→ Material for this task:
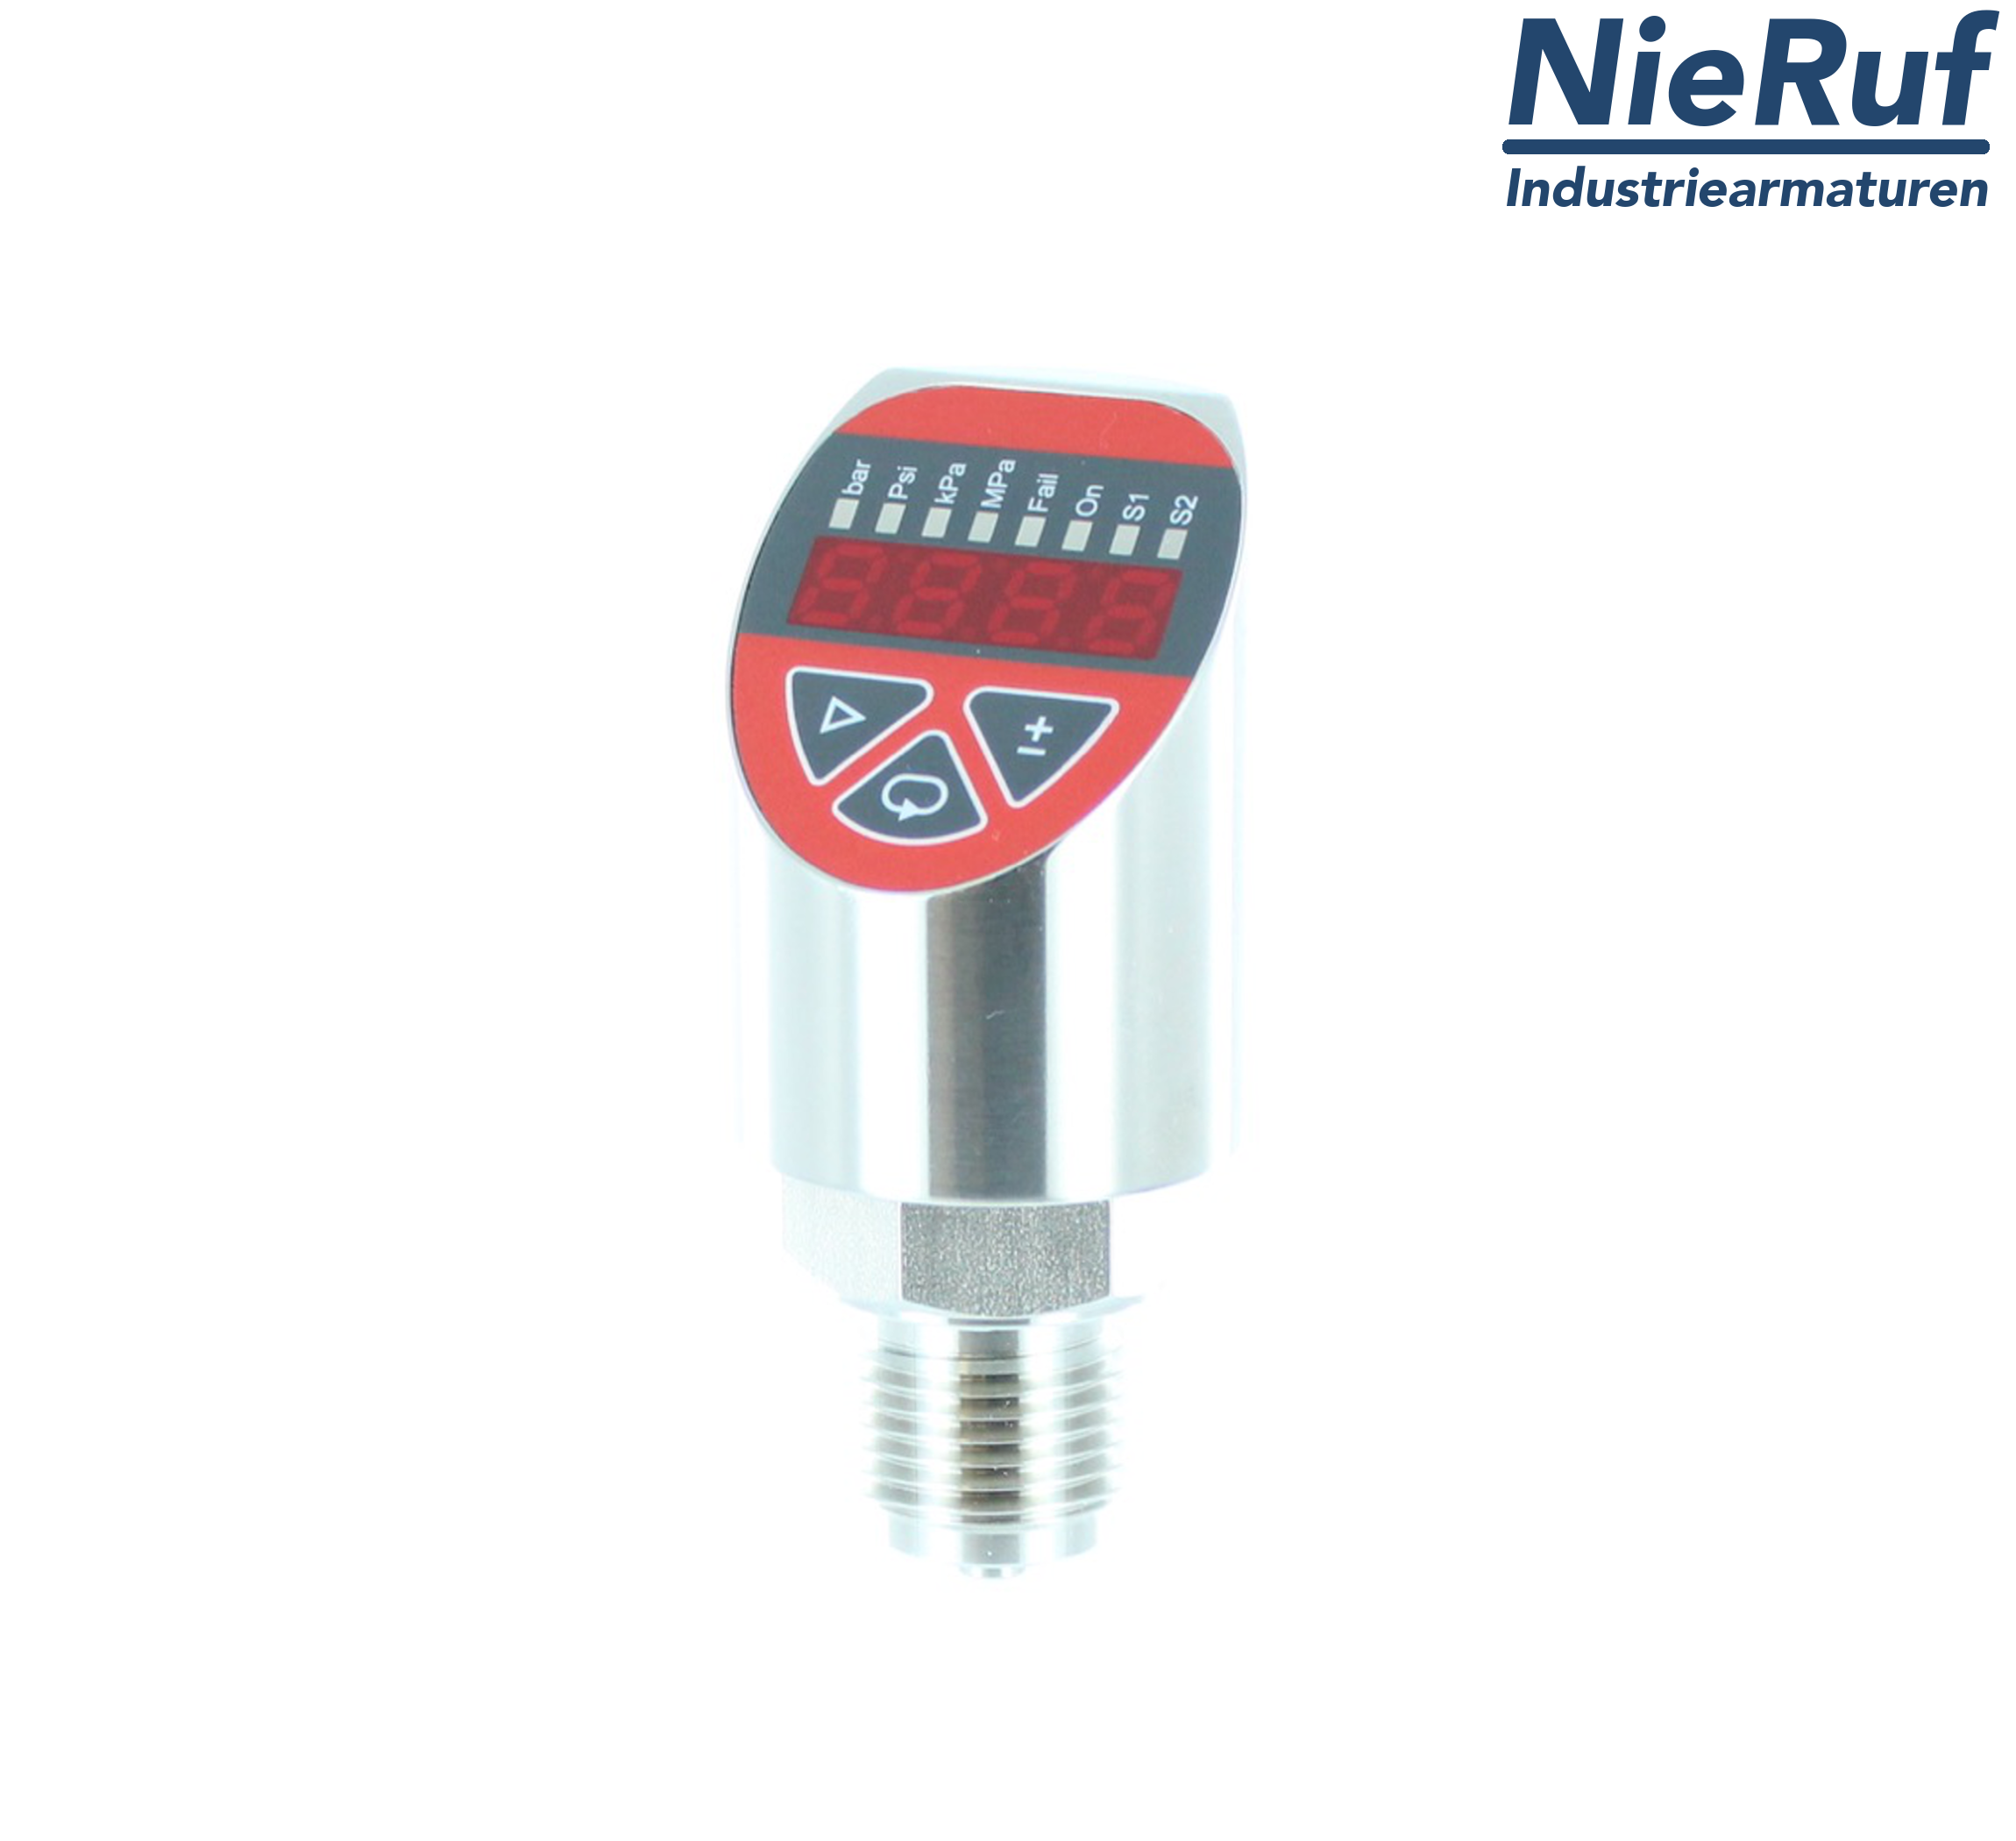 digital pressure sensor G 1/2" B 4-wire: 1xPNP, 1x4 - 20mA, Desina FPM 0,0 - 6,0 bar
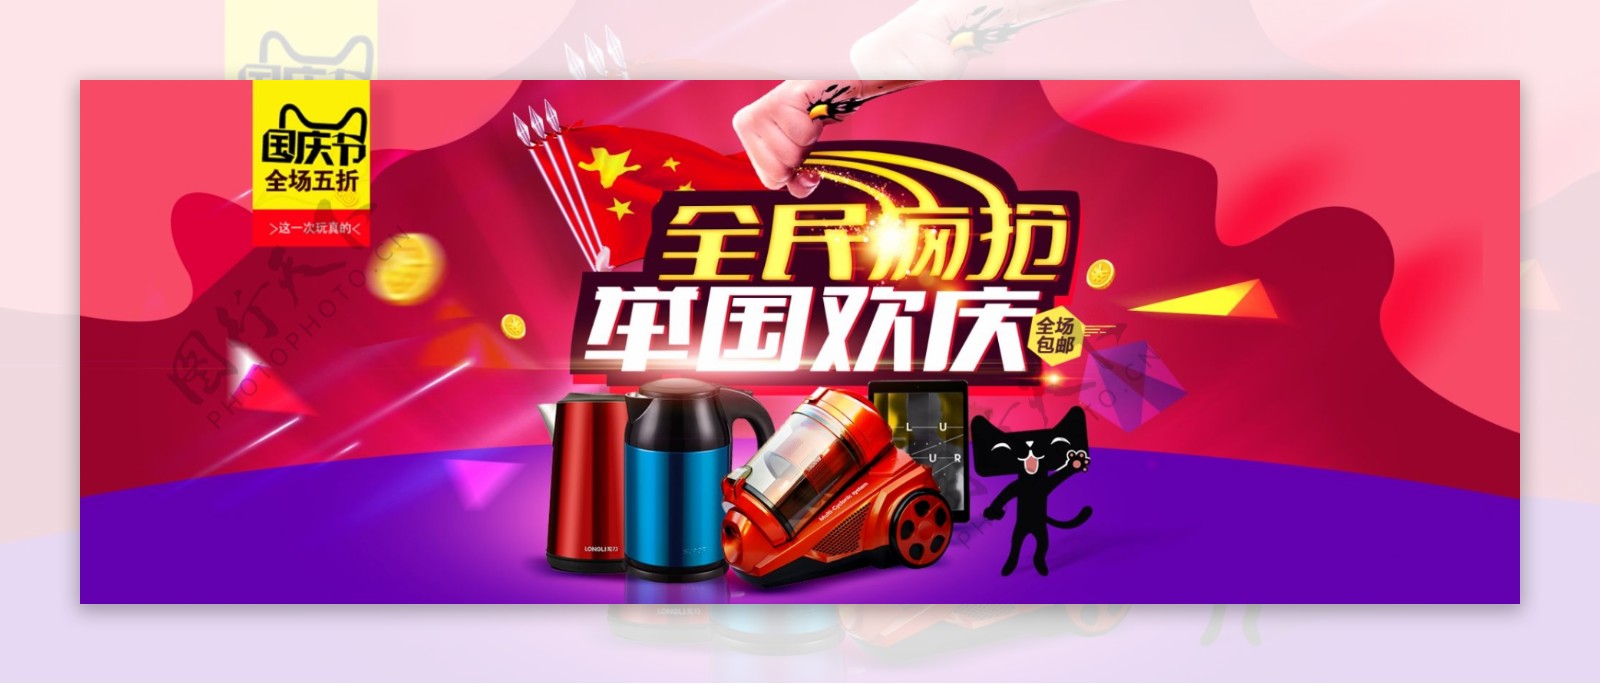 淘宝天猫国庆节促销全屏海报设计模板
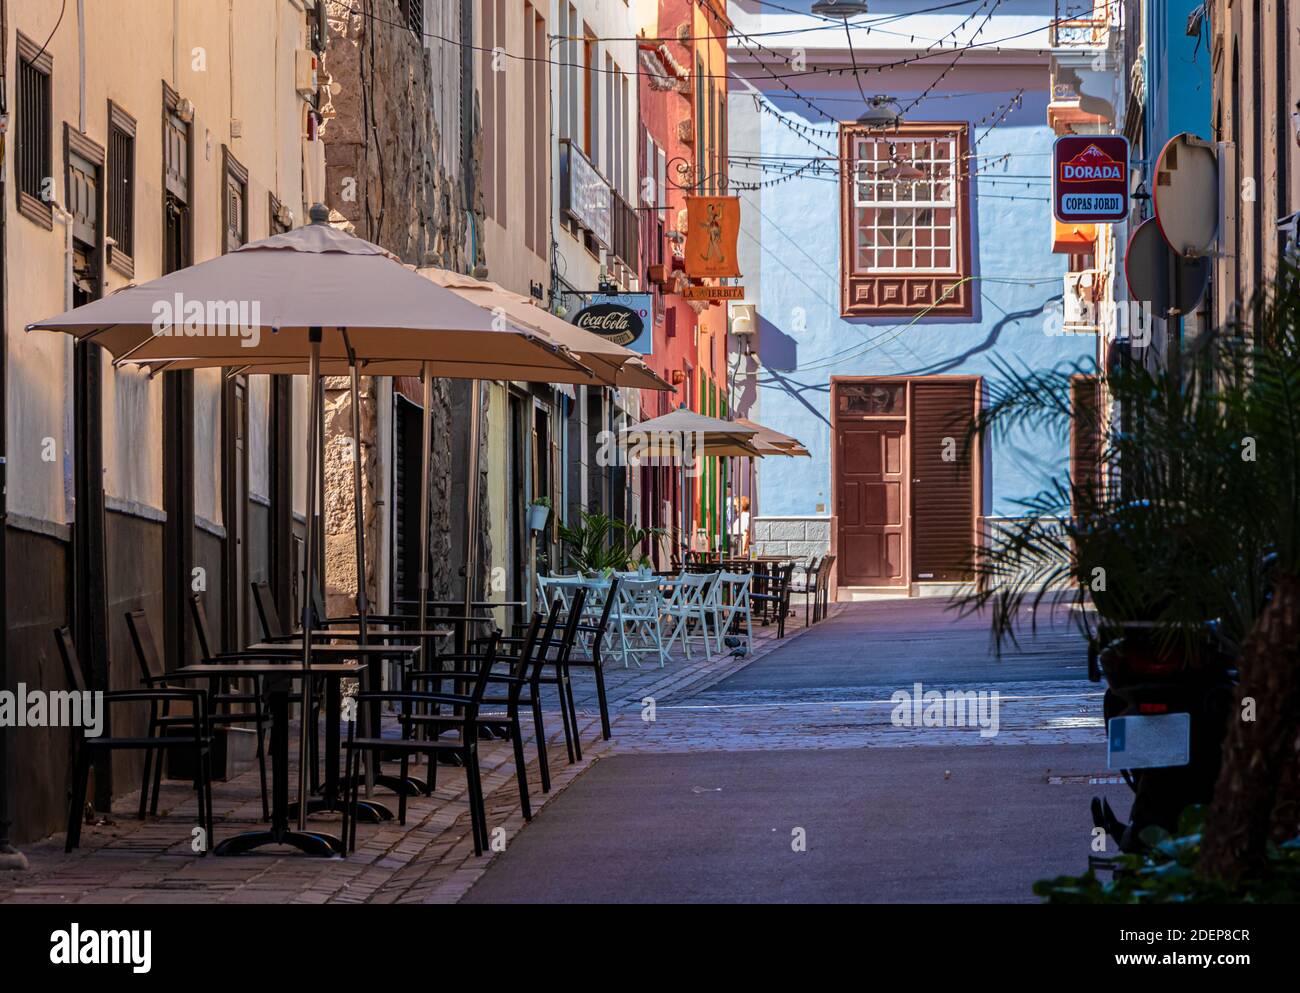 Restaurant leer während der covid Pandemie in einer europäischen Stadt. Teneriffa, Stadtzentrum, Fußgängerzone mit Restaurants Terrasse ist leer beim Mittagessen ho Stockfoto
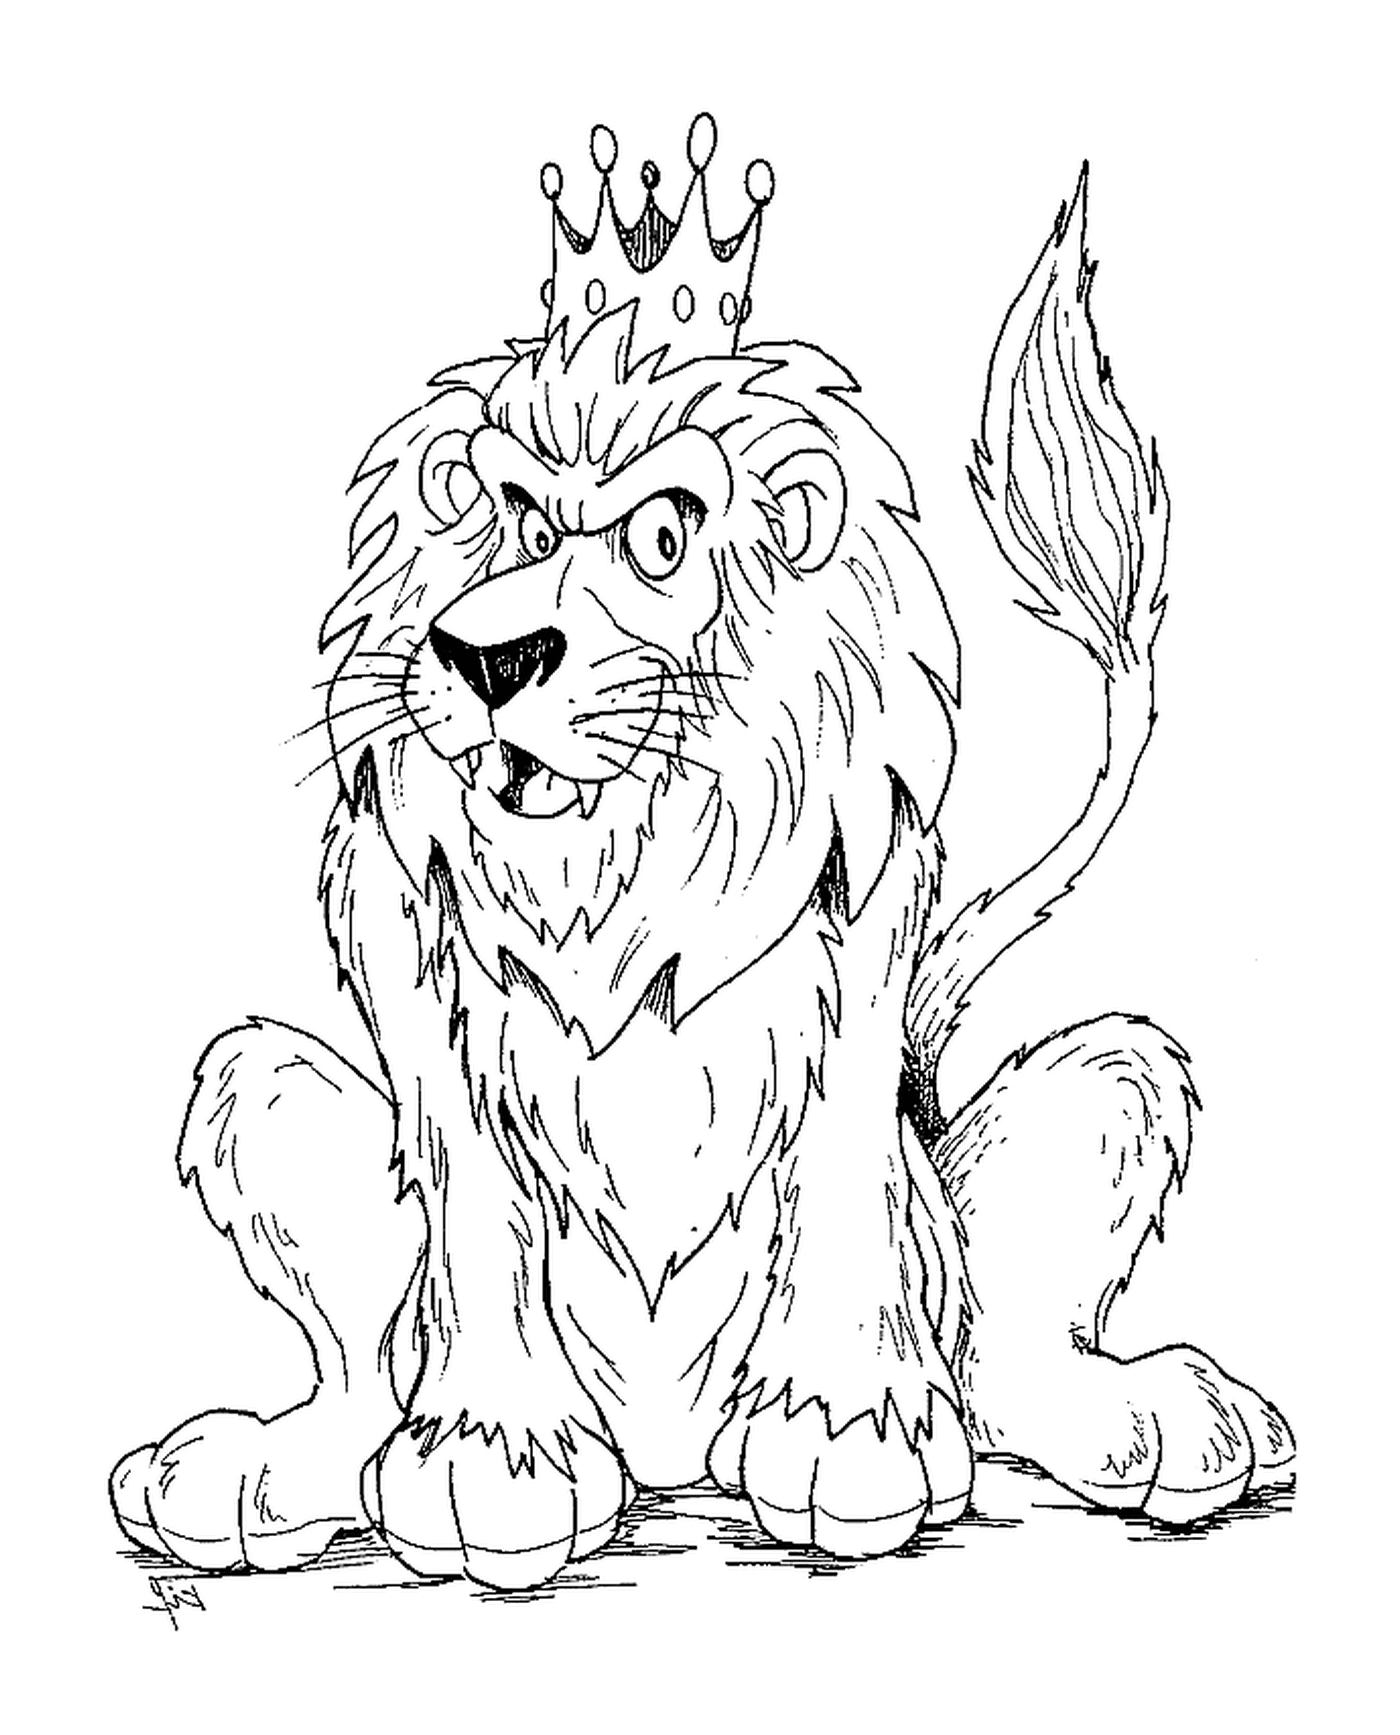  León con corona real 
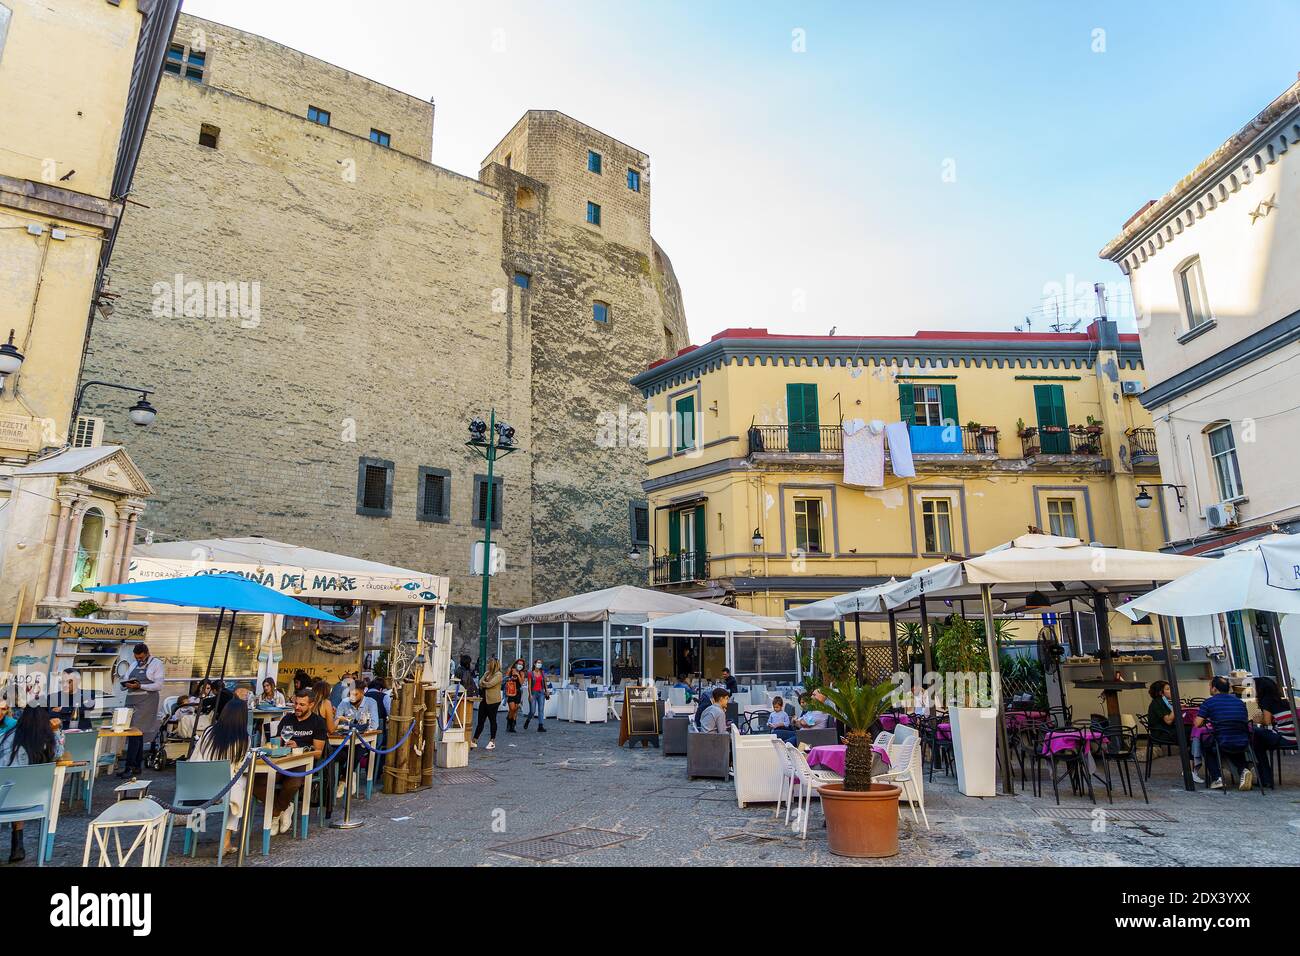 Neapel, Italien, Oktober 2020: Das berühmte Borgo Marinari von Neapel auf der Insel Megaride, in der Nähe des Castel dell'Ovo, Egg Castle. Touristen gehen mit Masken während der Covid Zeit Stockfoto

→ The problem: Your task is to copy exactly the lines from the line containing "淘宝天猫国庆节促销全屏海报设计模板" through the final line of the listing above and to omit every picture.

→ Response to the exercise:
 淘宝天猫国庆节促销全屏海报设计模板
 Restaurant leer während der covid Pandemie in einer europäischen Stadt. Teneriffa, Stadtzentrum, Fußgängerzone mit Restaurants Terrasse ist leer beim Mittagessen ho Stockfoto
  León con corona real 
 Neapel, Italien, Oktober 2020: Das berühmte Borgo Marinari von Neapel auf der Insel Megaride, in der Nähe des Castel dell'Ovo, Egg Castle. Touristen gehen mit Masken während der Covid Zeit Stockfoto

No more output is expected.